Pablo Neira Ayuso says:

====================
Netfilter updates for net-next

The following patchset contains Netfilter updates for net-next:

1) Skip non-SCTP packets in the new SCTP chunk support for nft_exthdr,
   from Phil Sutter.

2) Simplify TCP option sanity check for TCP packets, also from Phil.

3) Add a new expression to store when the rule has been used last time.

4) Pass the hook state object to log function, from Florian Westphal.
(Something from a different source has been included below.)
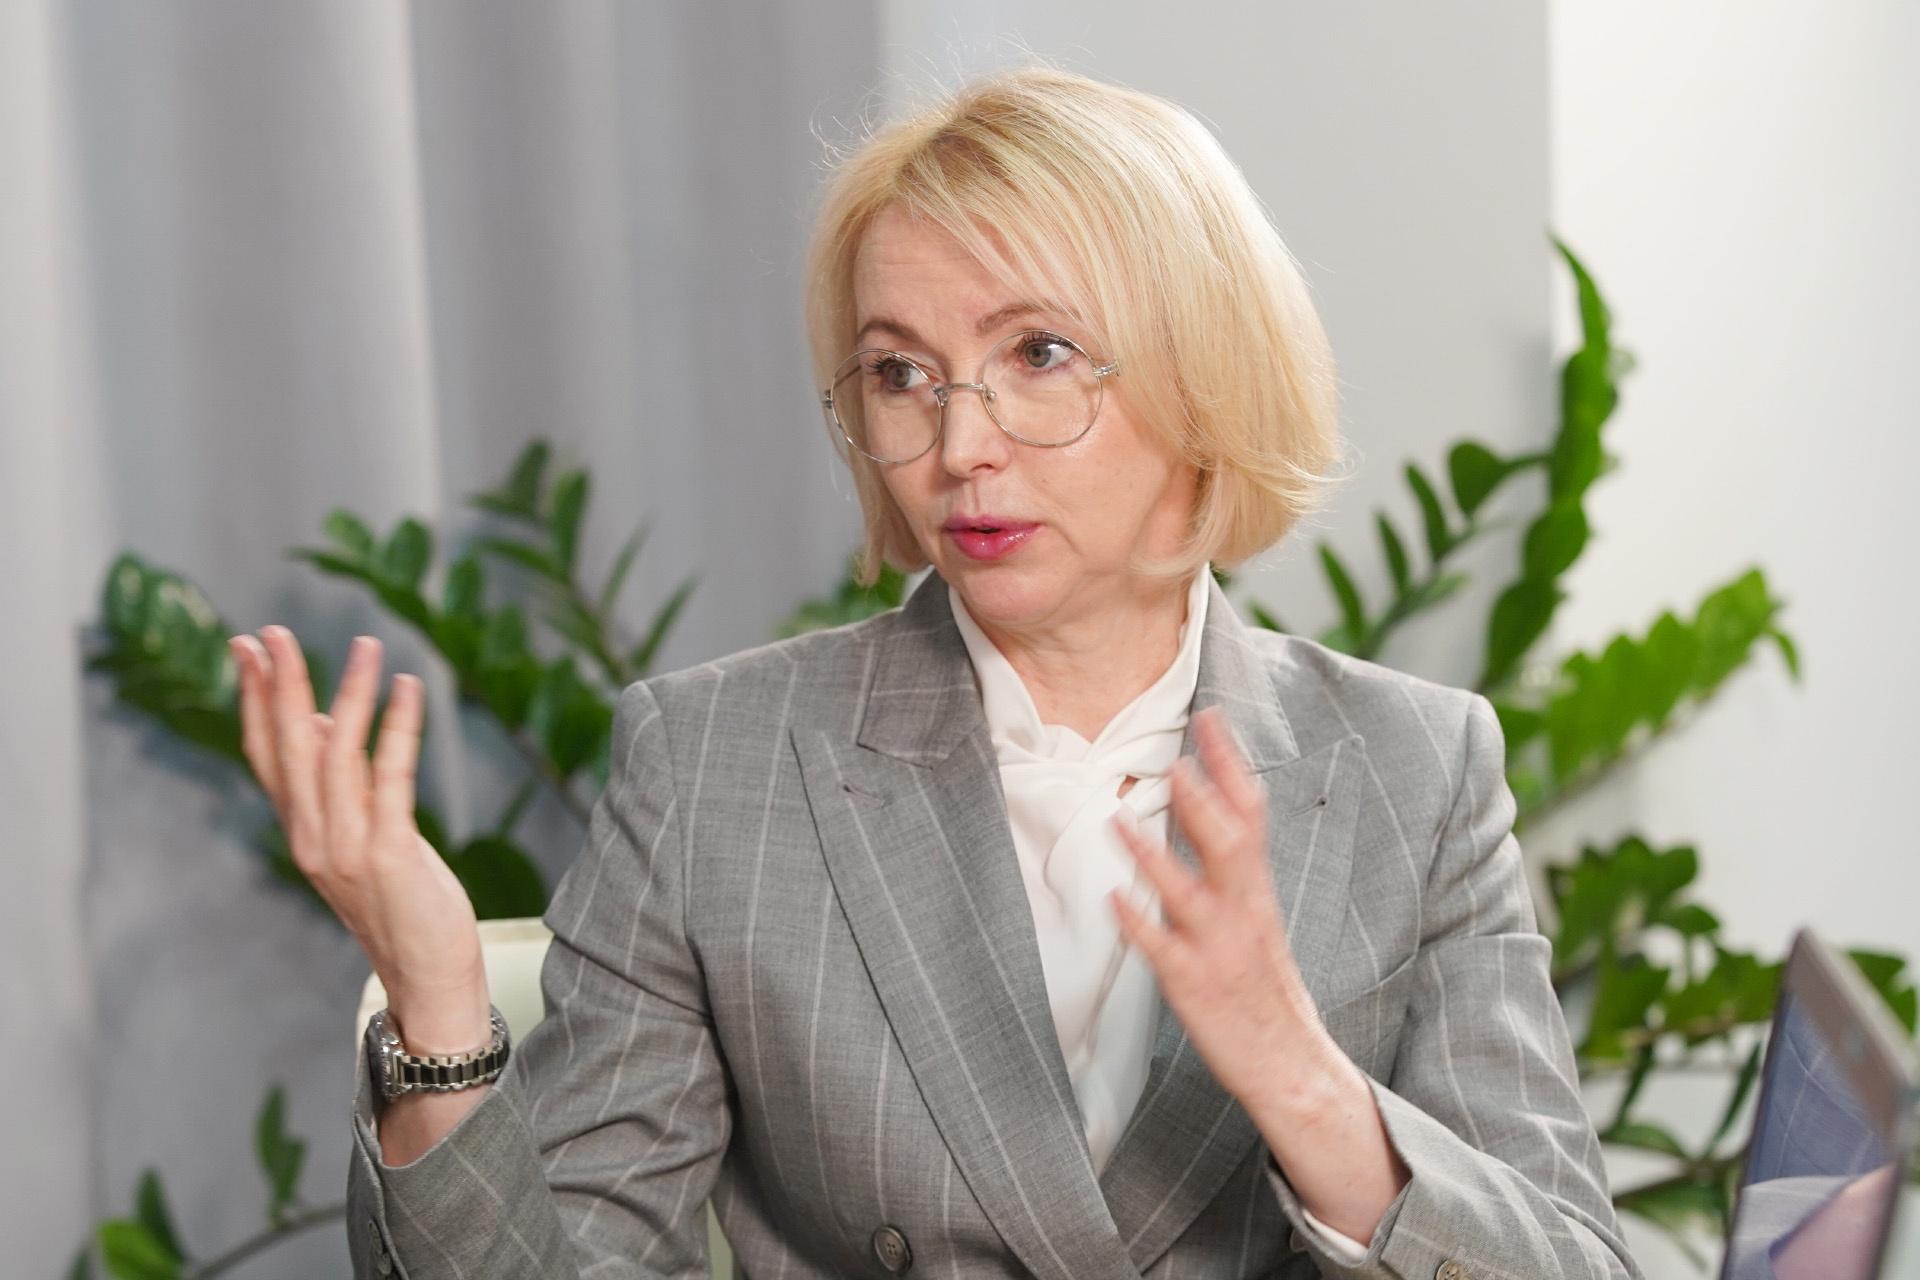 По словам Ирины Гехт, работа ведётся по всем типам жалоб, и результаты уже видны

5) Document the new sysctl knobs to tune the flowtable timeouts,
   from Oz Shlomo.

6) Fix snprintf error check in the new nfnetlink_hook infrastructure,
   from Dan Carpenter.
====================
Signed-off-by: David S. Miller <davem@davemloft.net>

Documentation/networking/nf_conntrack-sysctl.rst

@@ -177,3 +177,27 @@ nf_conntrack_gre_timeout_stream - INTEGER (seconds)
 
 	This extended timeout will be used in case there is an GRE stream
 	detected.
+
+nf_flowtable_tcp_timeout - INTEGER (seconds)
+        default 30
+
+        Control offload timeout for tcp connections.
+        TCP connections may be offloaded from nf conntrack to nf flow table.
+        Once aged, the connection is returned to nf conntrack with tcp pickup timeout.
+
+nf_flowtable_tcp_pickup - INTEGER (seconds)
+        default 120
+
+        TCP connection timeout after being aged from nf flow table offload.
+
+nf_flowtable_udp_timeout - INTEGER (seconds)
+        default 30
+
+        Control offload timeout for udp connections.
+        UDP connections may be offloaded from nf conntrack to nf flow table.
+        Once aged, the connection is returned to nf conntrack with udp pickup timeout.
+
+nf_flowtable_udp_pickup - INTEGER (seconds)
+        default 30
+
+        UDP connection timeout after being aged from nf flow table offload.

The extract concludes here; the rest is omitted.